Ishita laughed. “We only have an American identity on hand. But I’ll see what I can do.”

“Thank you so much. You’re a sweetheart.” Wilma left the office with joy on her face. She wore her sunglasses and boarded a taxi.

She sat in the back browsing through Facebook on her mobile. She had posted a good-morning status that had received only two likes till now. She turned the mobile off and put it in her purse. Soon she will have two hundred likes. Everyone will envy my pictures when Ishita uploads them on New Year, she thought.

Next day, Wilma received the fake identity parcel. On the day after that, early morning, she quietly opened her door and stepped out of her house. With a small suitcase and a scarf around her face, she walked to the taxi sent by Ishita’s firm. The driver had been instructed to not honk or make any noise. The windows were tinted.

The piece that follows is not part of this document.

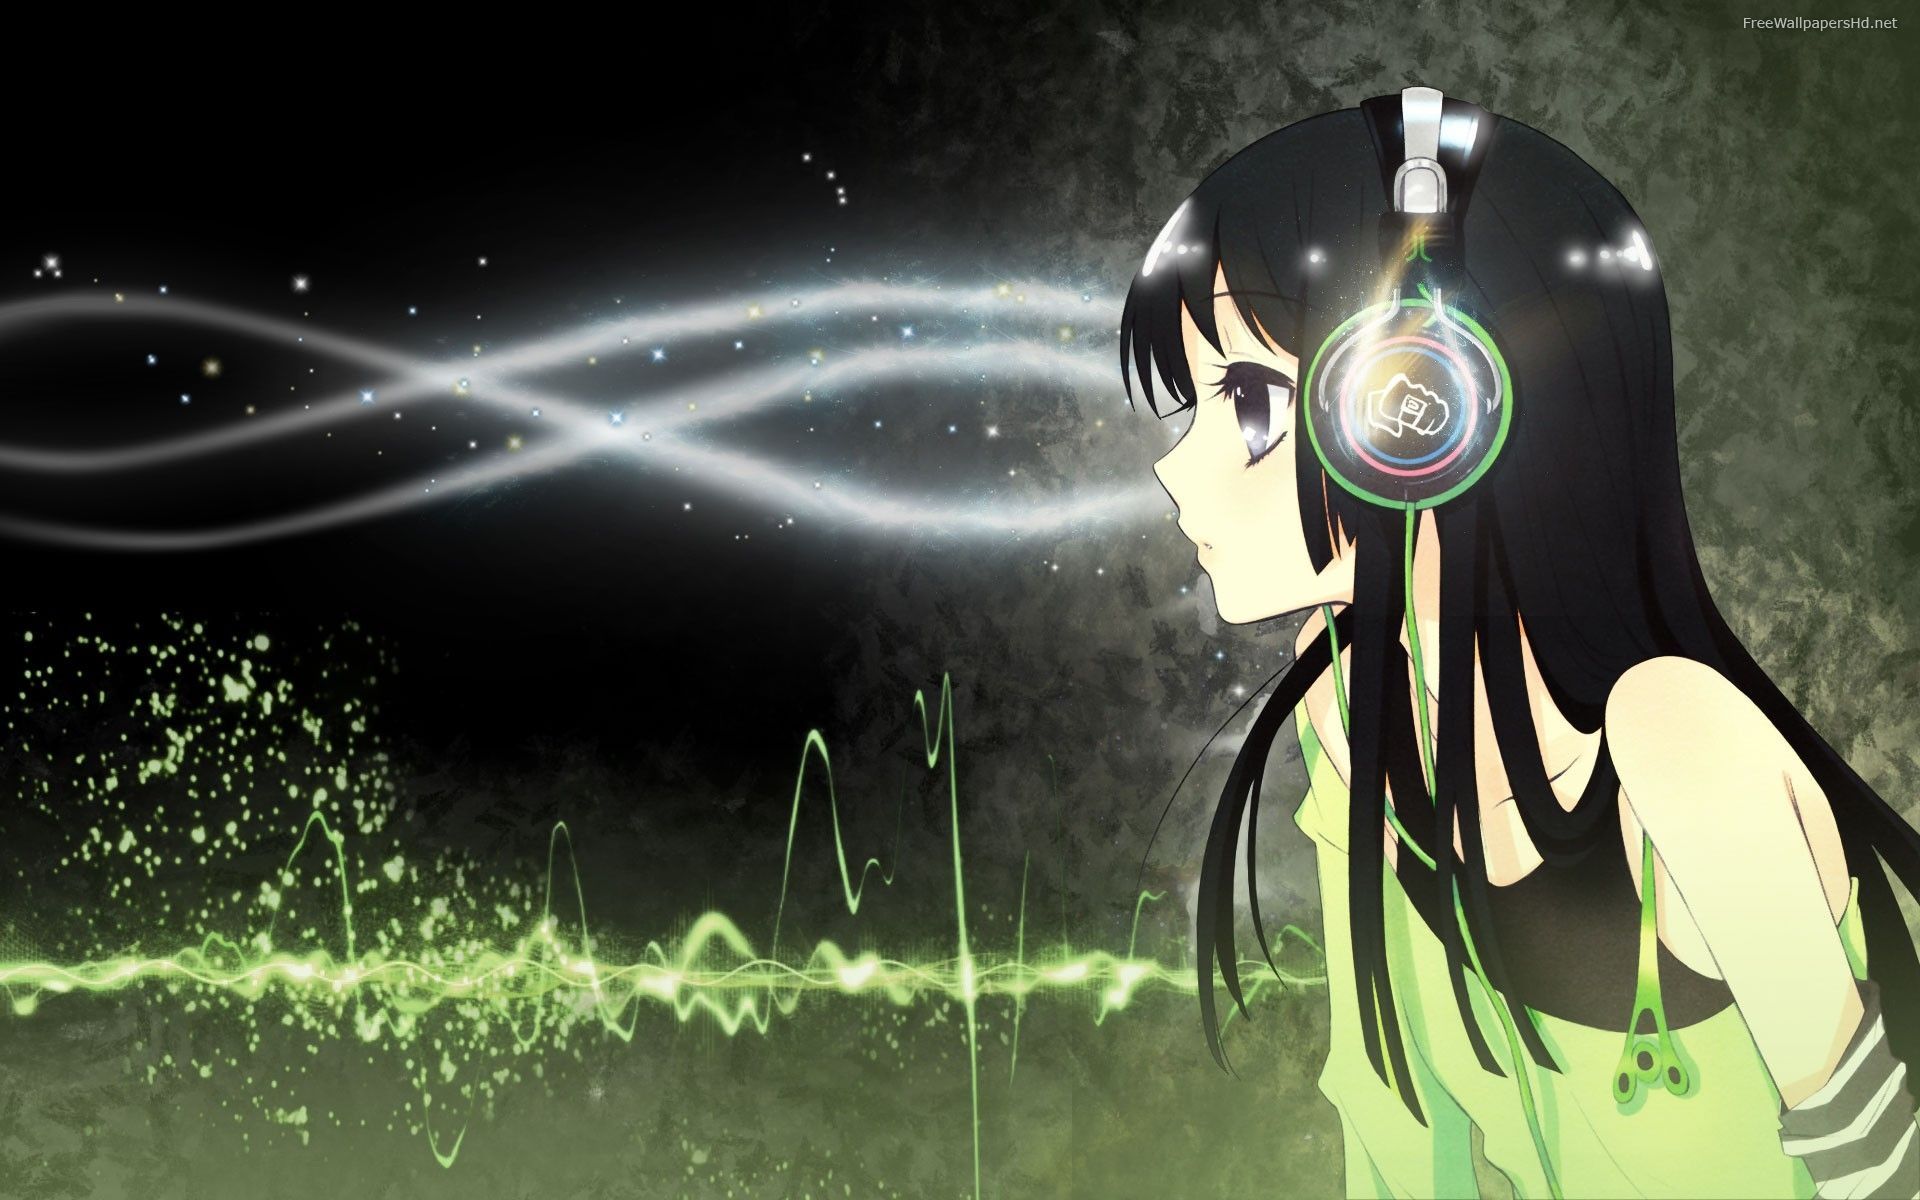 Free Anime Music Wallpaper For iPhone at Movies Monodomo

Wilma checked into the hotel room and removed the scarf. She removed her mobile from her purse and called Ishita.

“Good morning, Ma’am,” said Ishita from the other end. “Do you like the hotel room?”

“Absolutely, it’s luxurious.” Wilma pressed her other palm on the soft bed.

“Well, you opted for the Diamond Package so we give you the best service, Wilma, or should I say Bridget?”

“Awww!” Wilma, or Bridget according to her new identity, stretched out on the bed. “My name is amazing. It’s like a dream come true.”